Can smart compliance fight sanction risks?

sanction risksA billion dollar infrastructure project was allocated to a leading company by a multilateral bank. Post the development stage, it was observed that the road constructed was 30% narrower than pre-decided specifications. However, the contract was paid in full to the allotted contractor company.

So, where did the money go? How did this happen?

Funding by multilateral development banks (MDBs) such as the World Bank, the Asian Development Bank, the African Development Bank and others has increased significantly over the last couple of years. This has eventually magnified the risks associated with fraud, bribery and corruption which can seep in projects allotted to various organisations. These practices can often turn dubious, and even jeopardize the efforts of various stakeholders that are looking to drive inclusive development in the country.

In India, industries such as infrastructure and pharmaceuticals have had significant funding provided by MDBs due to the nature of their work. On the functional front, it has become evident that a major area of concern for organizations lies in procurement processes.
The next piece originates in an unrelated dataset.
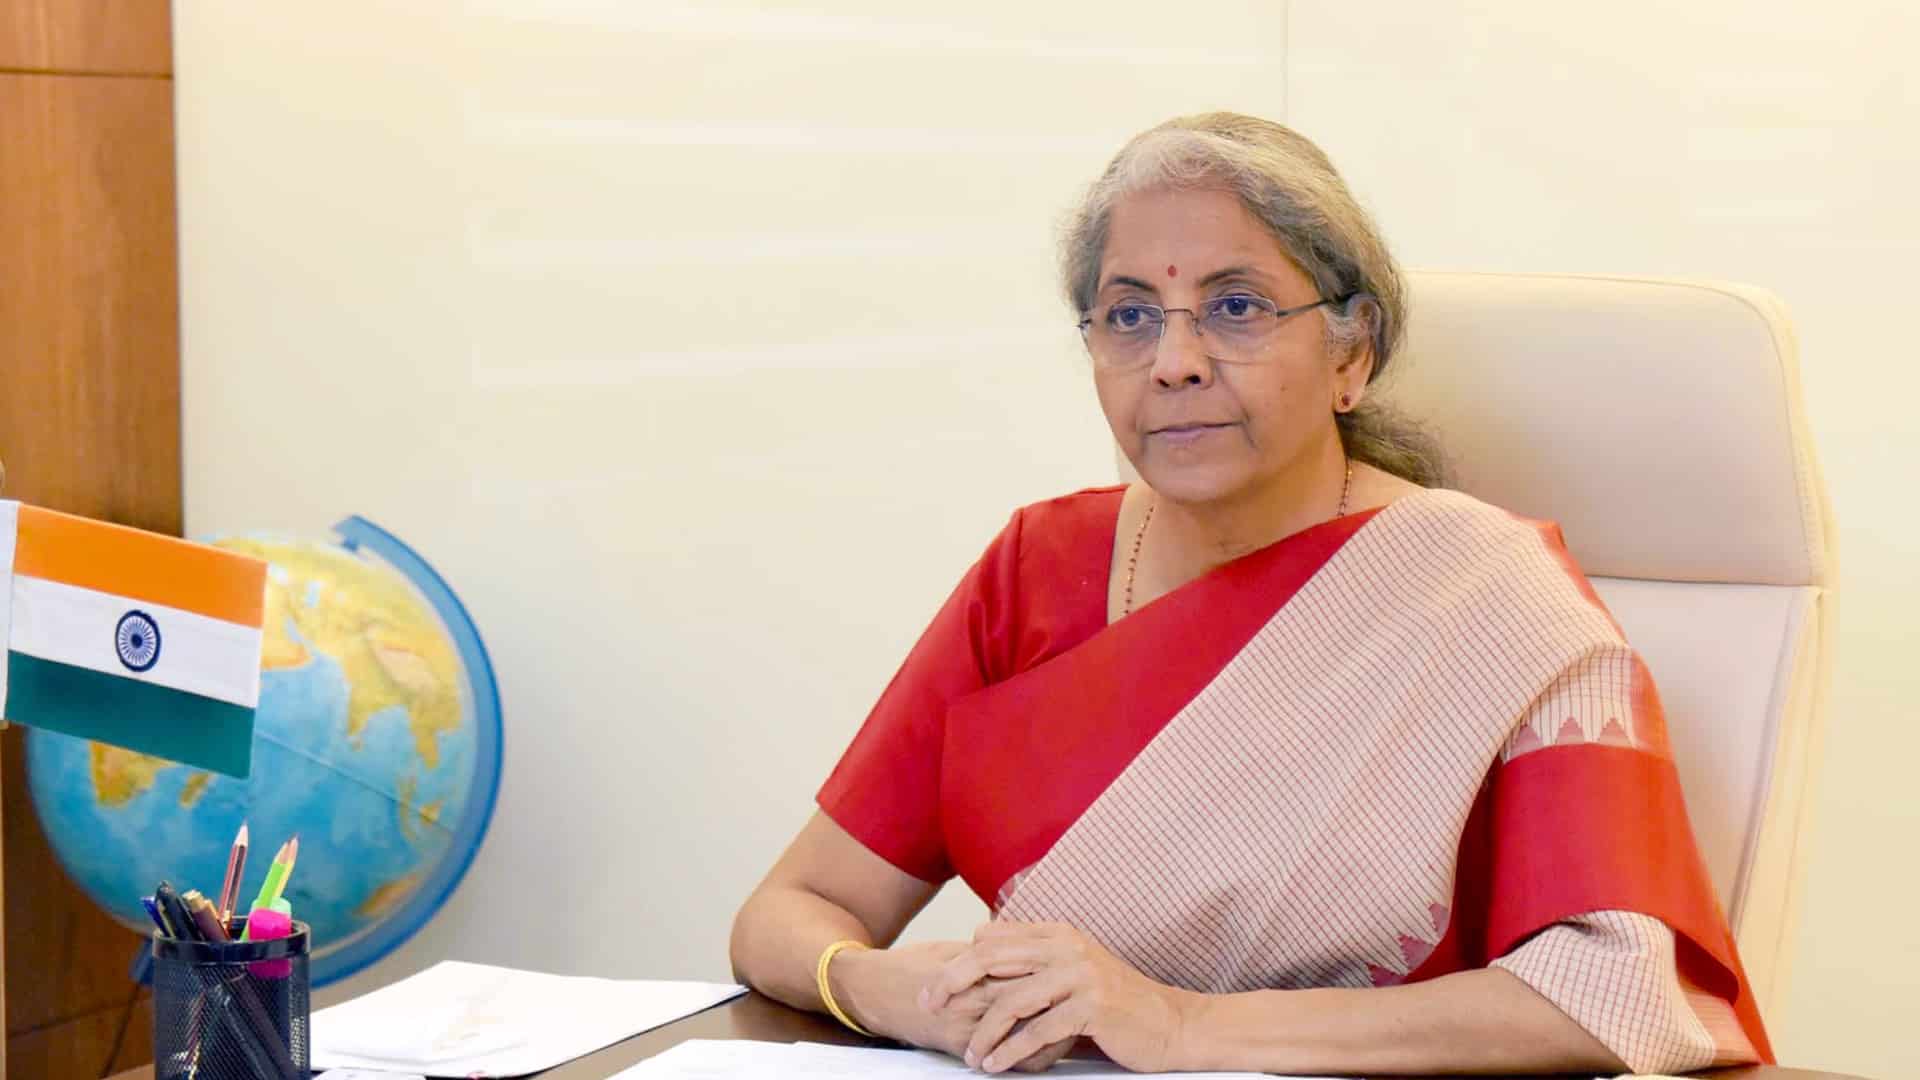 FM Nirmala Sitharaman to arrive in US to participate in IMF-WB meeting; to meet Treasury Secretary

Although procurement is not really a cause, it can provide a breeding ground for corruption, which can affect public finance, disrupt the delivery of public services and undermine efforts to reduce poverty.
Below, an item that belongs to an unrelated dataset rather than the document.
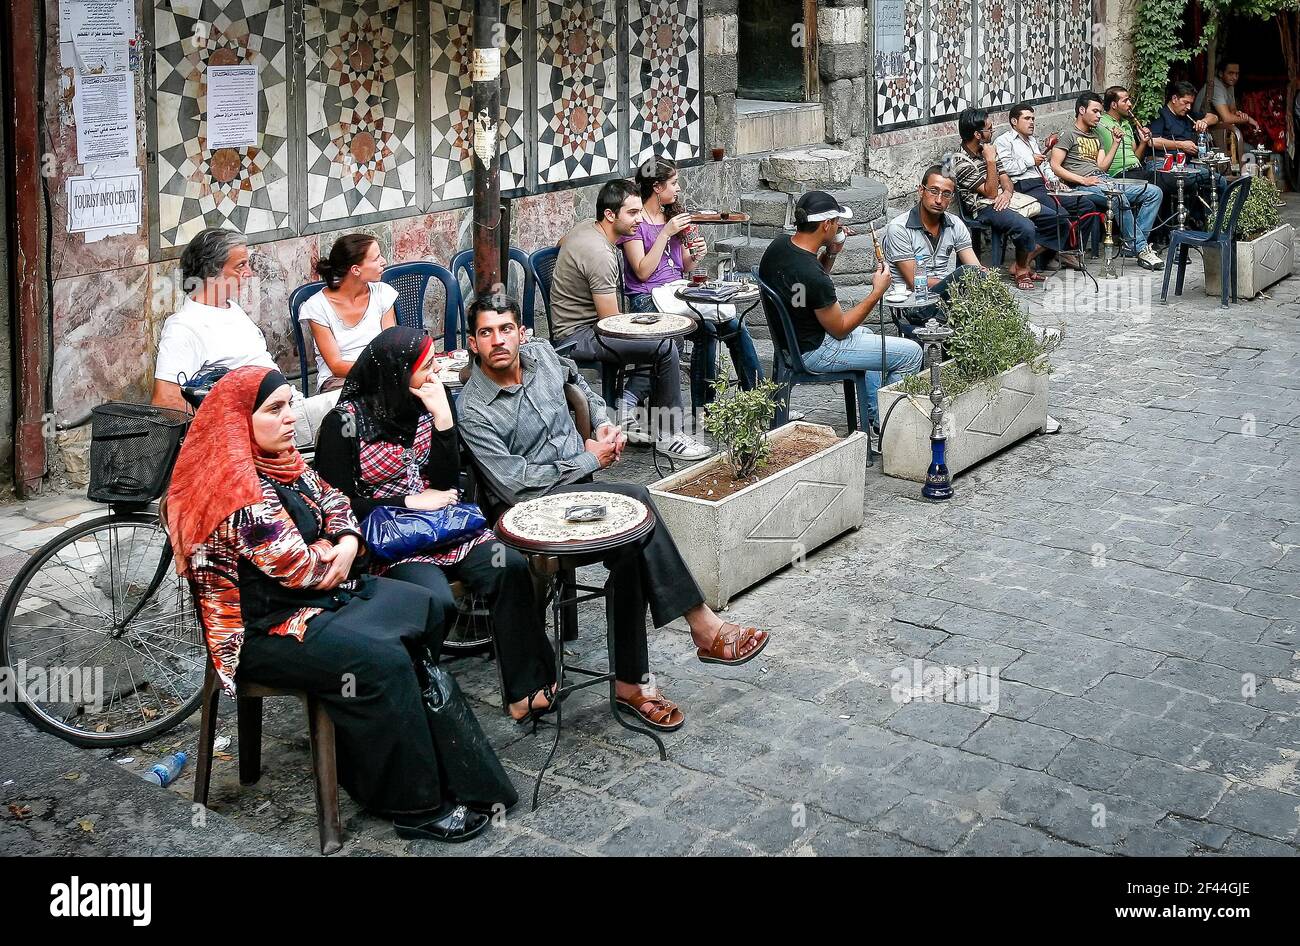 Damascus,Syria - August 03,2010 : People smoking shisha in a cafe in Damascus. Stock Photo

In order to curb growing cases of fraud and corruption, MDBs maintain a formal process for debarring or sanctioning organizations or individuals found to be engaged in unethical practices in projects allotted to them. Over the years, funding agencies are becoming more aggressive in identifying and penalizing sanctionable practices. They are increasingly identifying and weeding out unethical practices through effective utilization of the sanctions framework to penalize delinquent organisations.

They are also attempting to ensure compliance with guidelines on integrity in the corporate environment. These agencies have stringent mandates to ensure that donor funds are utilized for the intended purpose, achieve transparency in spending of funds and execution of projects. Consequently, companies executing projects funded by these agencies need to be cognizant of the policies, processes and sanctionable practices applicable for them.
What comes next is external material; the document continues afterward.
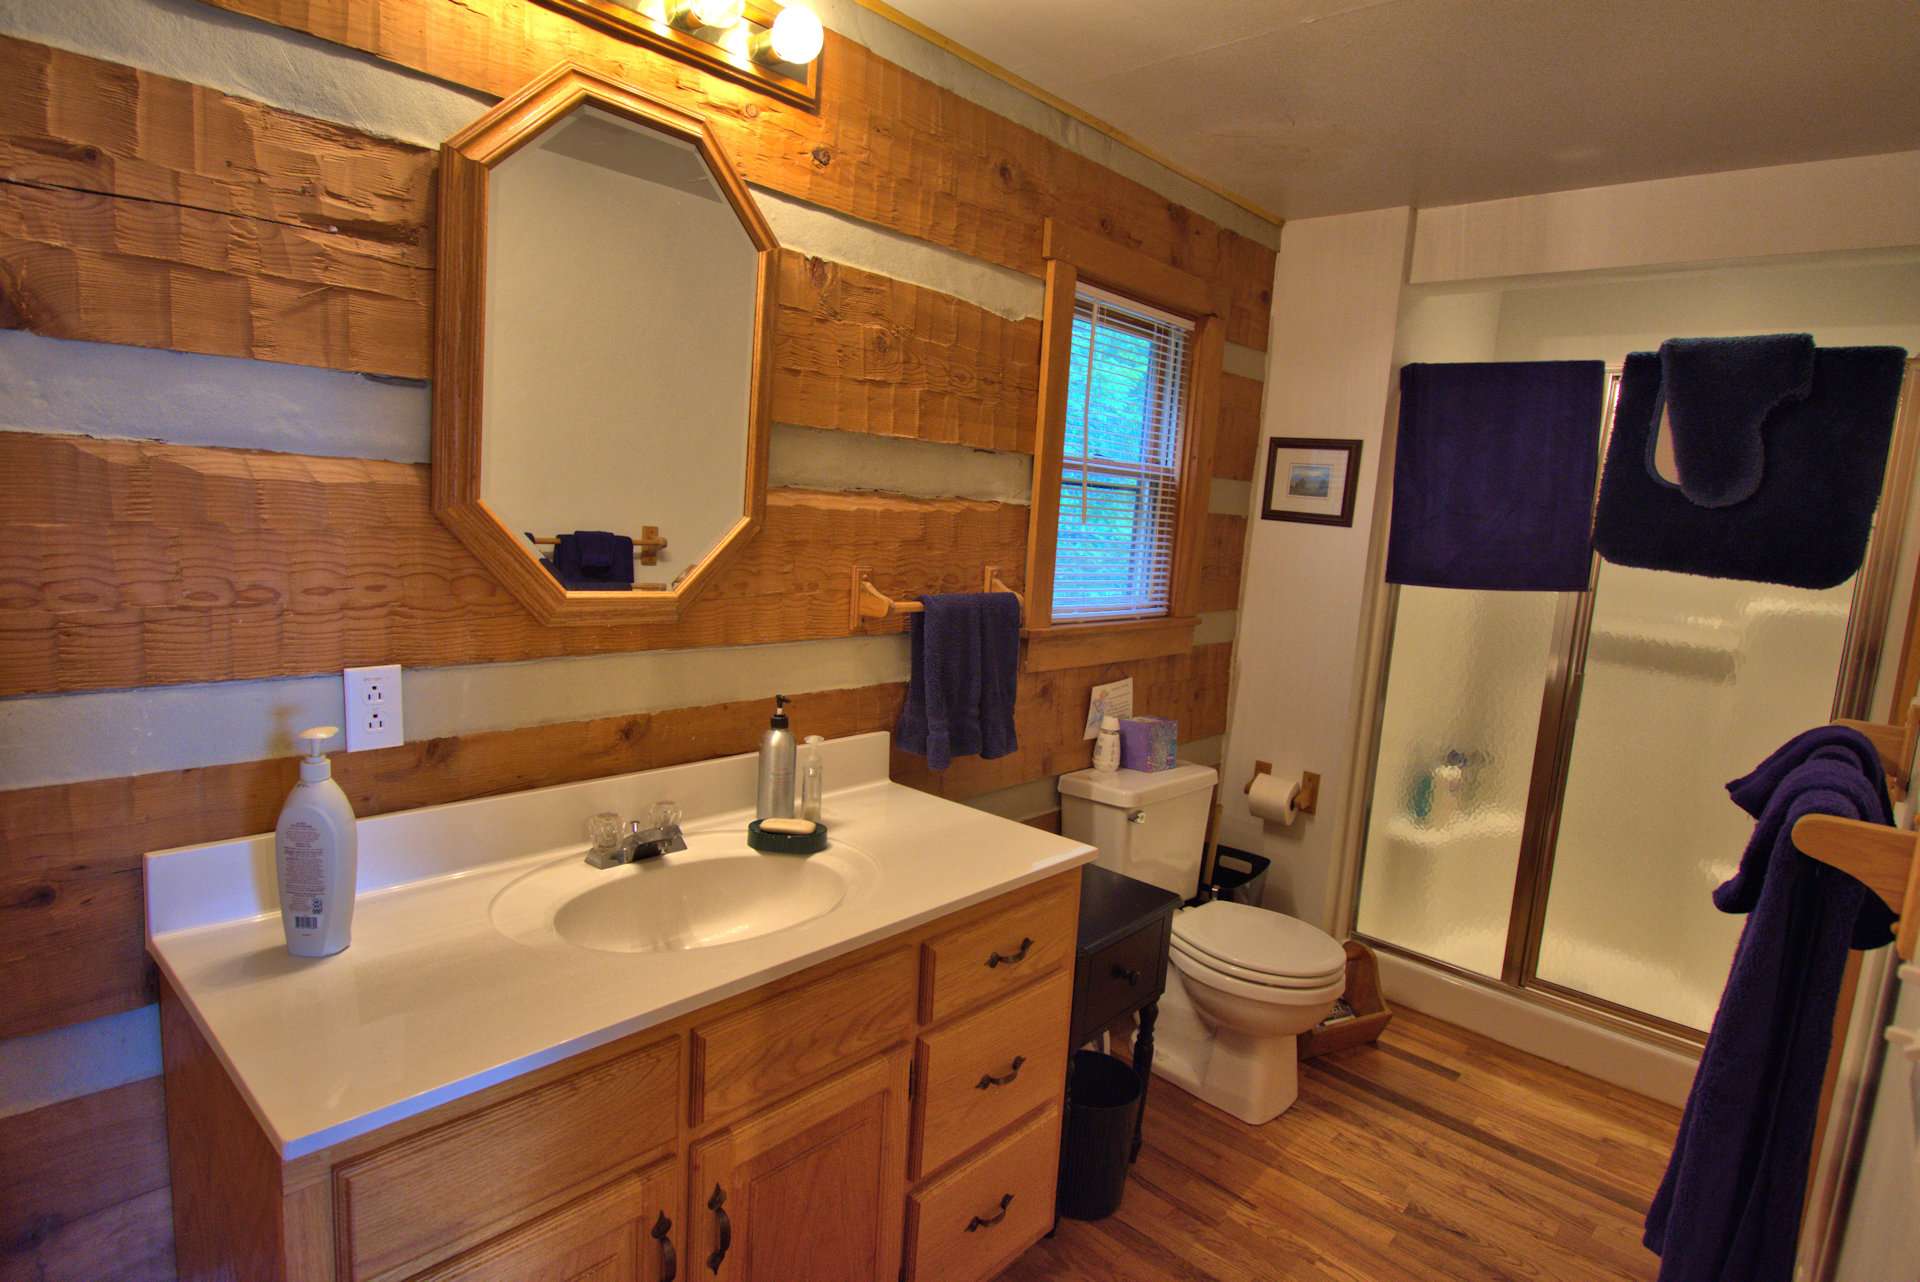 The main level also offers a full bath with walk-in shower.

To be able to mitigate the sanctions risks, organisations need to design and implement an effective and integrated compliance framework. This framework needs to be fully embedded into the all levels of the organization as well as designed to meet the primary objectives of executing a project.  Companies are seeking ways to prevent non-compliance – to protect their reputation, limit the liability on their management and supervisory bodies, and their employees.

Hence, companies need to build an effective compliance program and consider the following six success factors

Step 1 – Undertake a thorough risk assessment

Step 2 – Set the tone at the top

Step 3 – Implement specific policies and financial controls

Step 4 – Conduct compliance trainings

Step 5 – Monitor compliance programs

Step 6 – Periodically reassess risk and modify the plan

These would be key in mitigating the chances of falling prey to sanctionable risks.